Feb 5, 2020 - 4:36pm

But yes, for more venture type deals (typically smaller businesses, who may be B/B- companies vs. A/A- companies) warrants definitely come into play. Juices up the returns for venture lenders. They also can justify charging 10-12%. But also don't have covenants, typically, which is important for smaller companies 100% focused on growth. Good one's don't need debt, bc the existing investors should typically want to invest more into the business, or they can go out and raise more equity (this is a generalization of course).

I frankly don't have much experience on the distressed side, but i'm sure alot of it has to do with being able to more easily cut cost in software businesses than others. In software businesses, since gross margins are so high you have so much more flexibility in managing opex. Just RIF out cost, in sales, marketing, product, etc. Easier to show a "lender case" and get the debt you need.

Feb 6, 2020 - 11:08pm

Same way you'd price risk in any other deal, you're just looking at different metrics (ARR leverage vs. EBITDA leverage, retention stats, liquidity outlook). For our software deals, we focus on later stage companies that have a clear path to cash flow generation like you said, so the risk is the degree of conviction around the company hitting that forecast.

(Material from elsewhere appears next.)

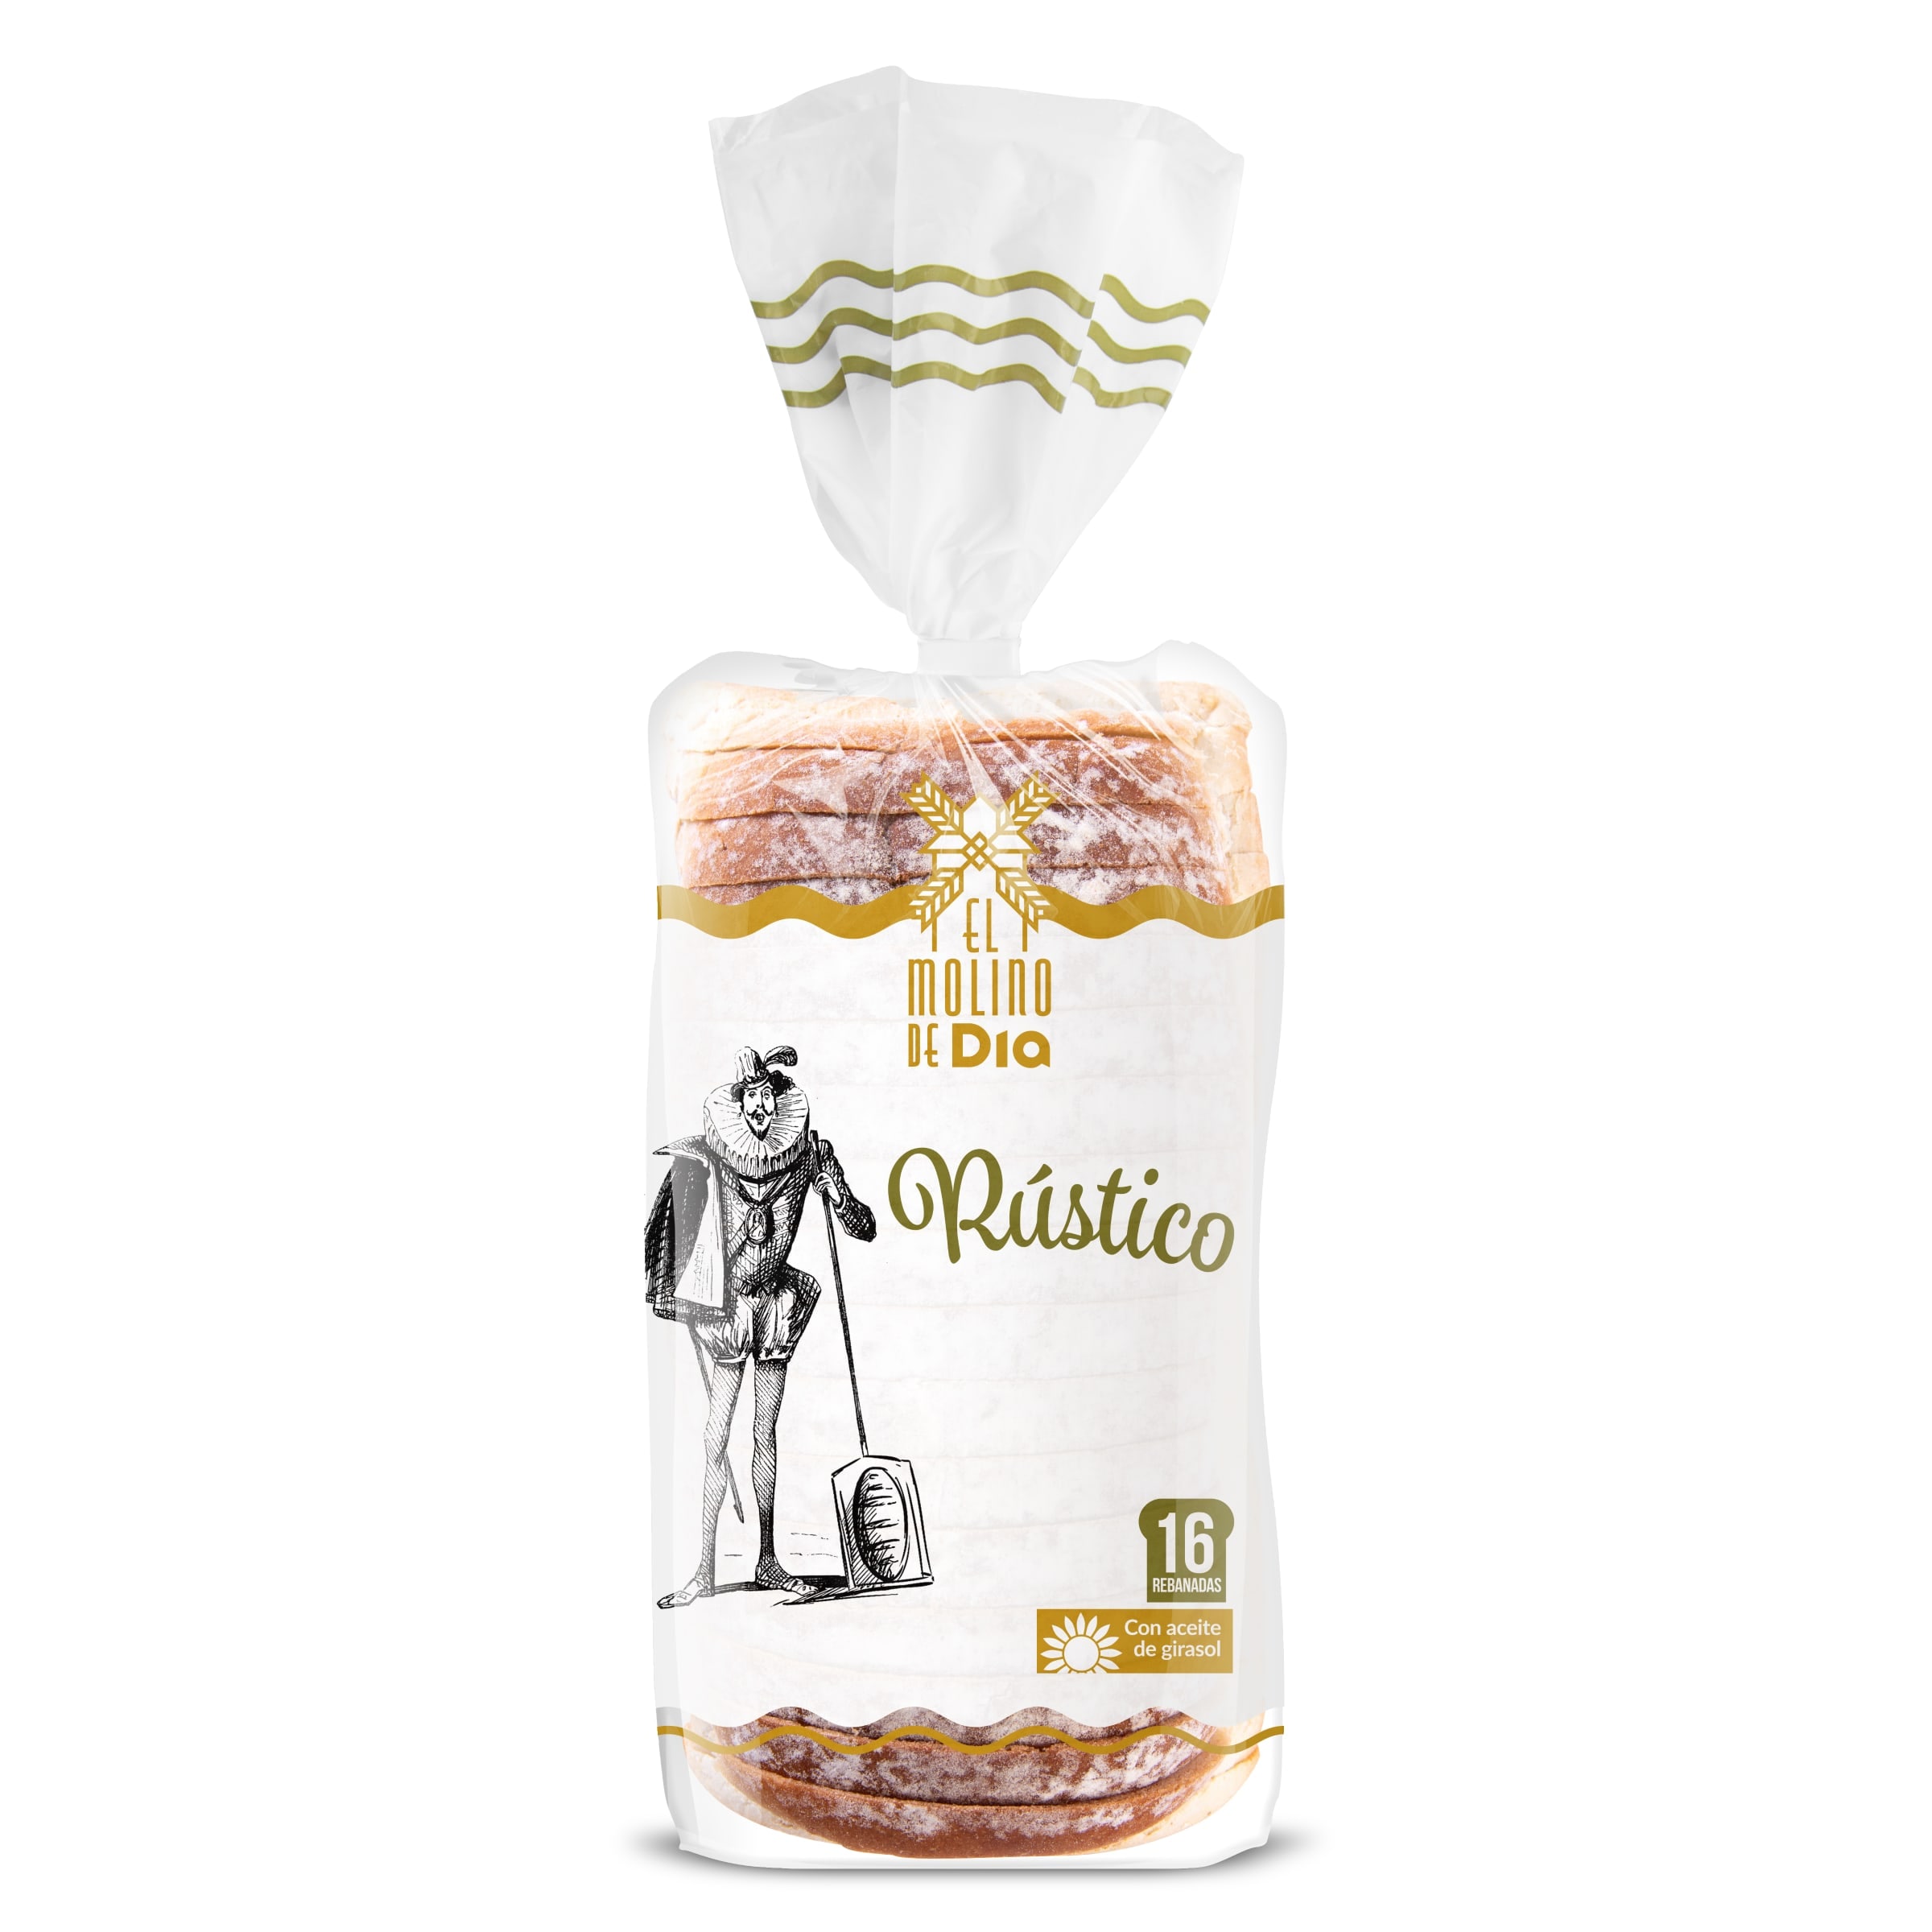 Pan de leche El molino de Dia bolsa 350 g - Supermercados DIA
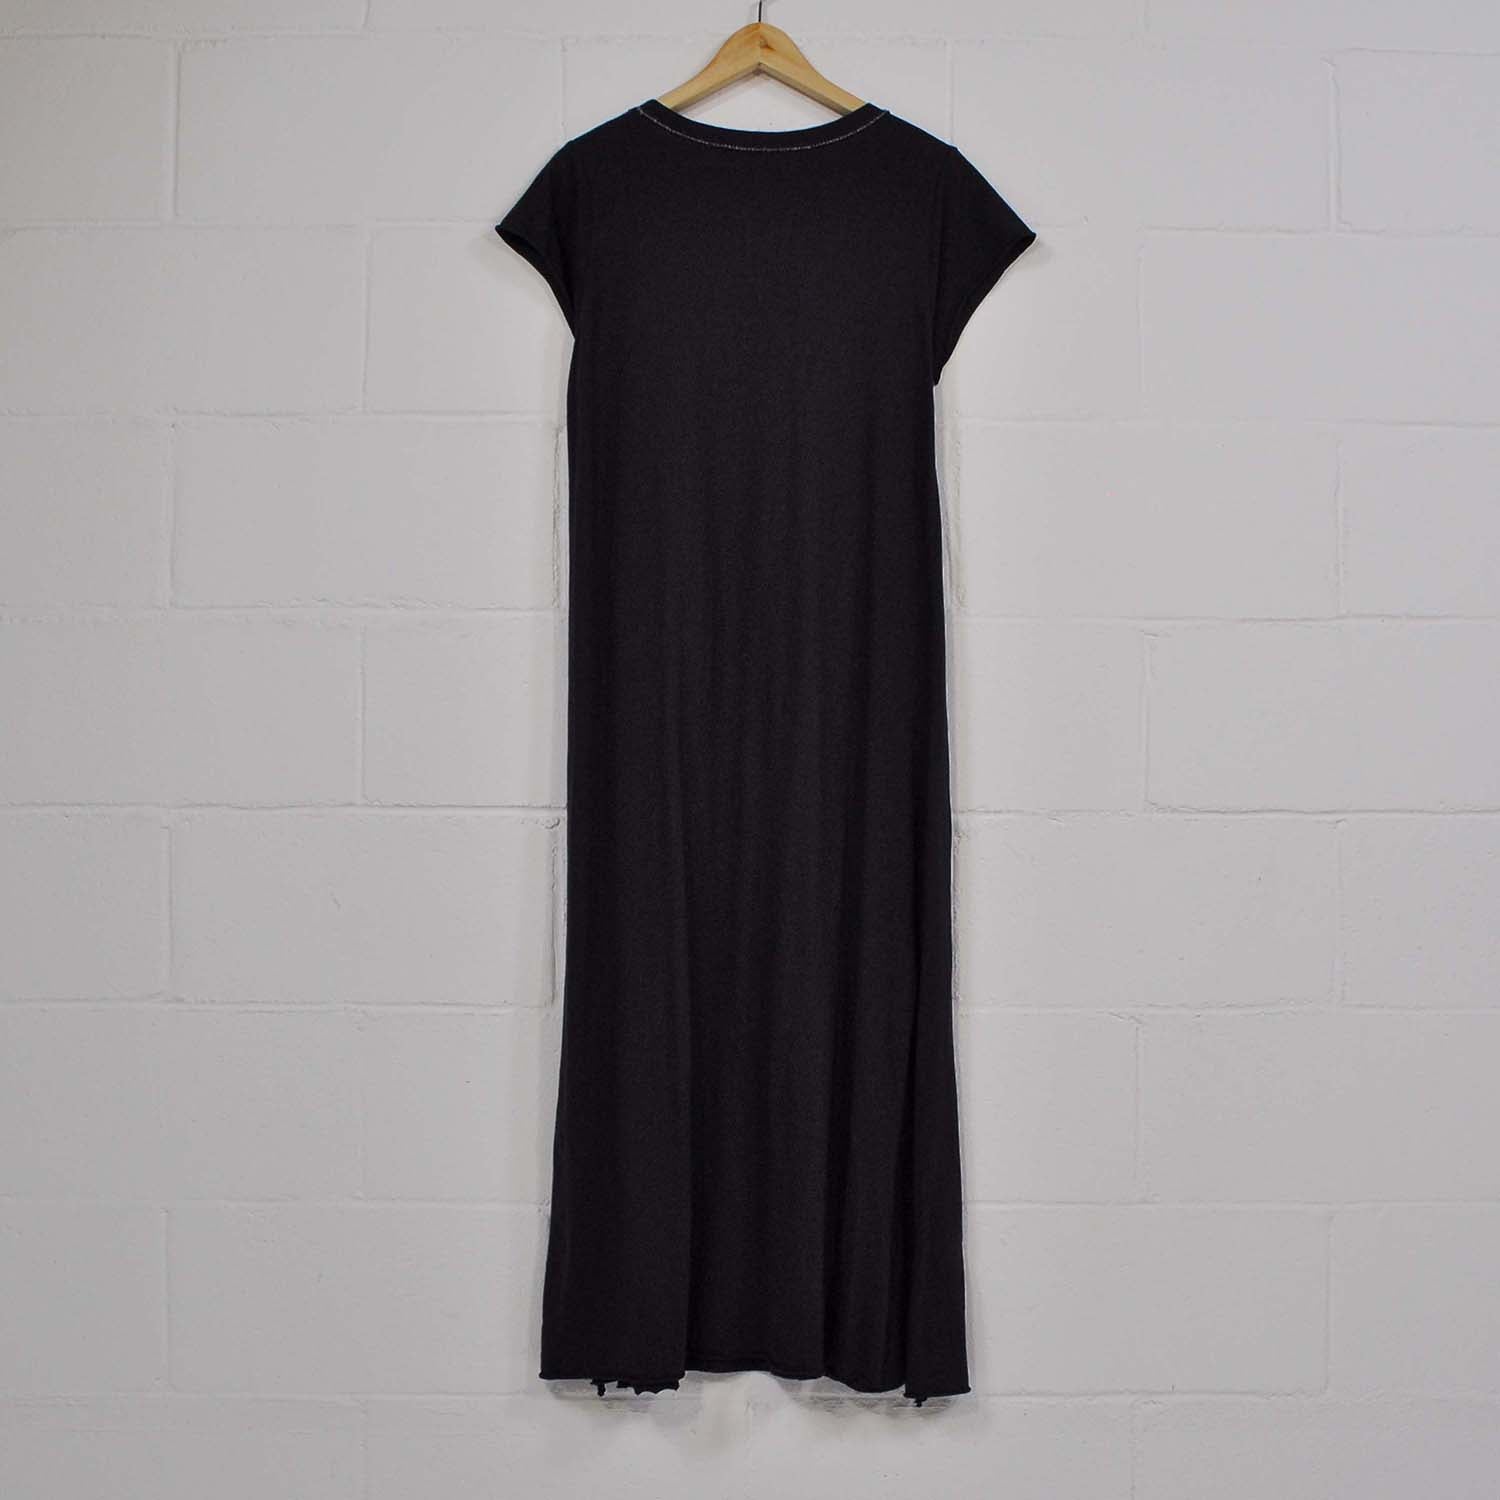 Shiny neckline black dress

We have a strong preference for cash yield, but I can think of a deal or two where we've talked about doing 6-12 months PIK only. An alternative is pre-funding an interest reserve (what you described as paying yourself cash interest), which is pretty common in a cash-free buyout situation. Otherwise it's a fairly typical structure, just with a different set of covenants.

In our segment of the market, PE groups push back pretty hard against warrants, but we'll try to get an equity co-invest where we can.

Feb 7, 2020 - 12:55pm

In the SaaS deals that I have seen, the lenders are lending under the assumption that at any time you can "flip a switch" and turn off R&D and S&M spend and become cash flow positive.

Most of these companies have gross margins in the 70-80% range, so if shit really hit the fan, the idea is that you could rip out a ton of SG&A and cash flow (with little to negative growth) for a few years (or however long it took to repay the debt)

Feb 7, 2020 - 1:45pm

How are interest payments covered until the point where the company is profitable?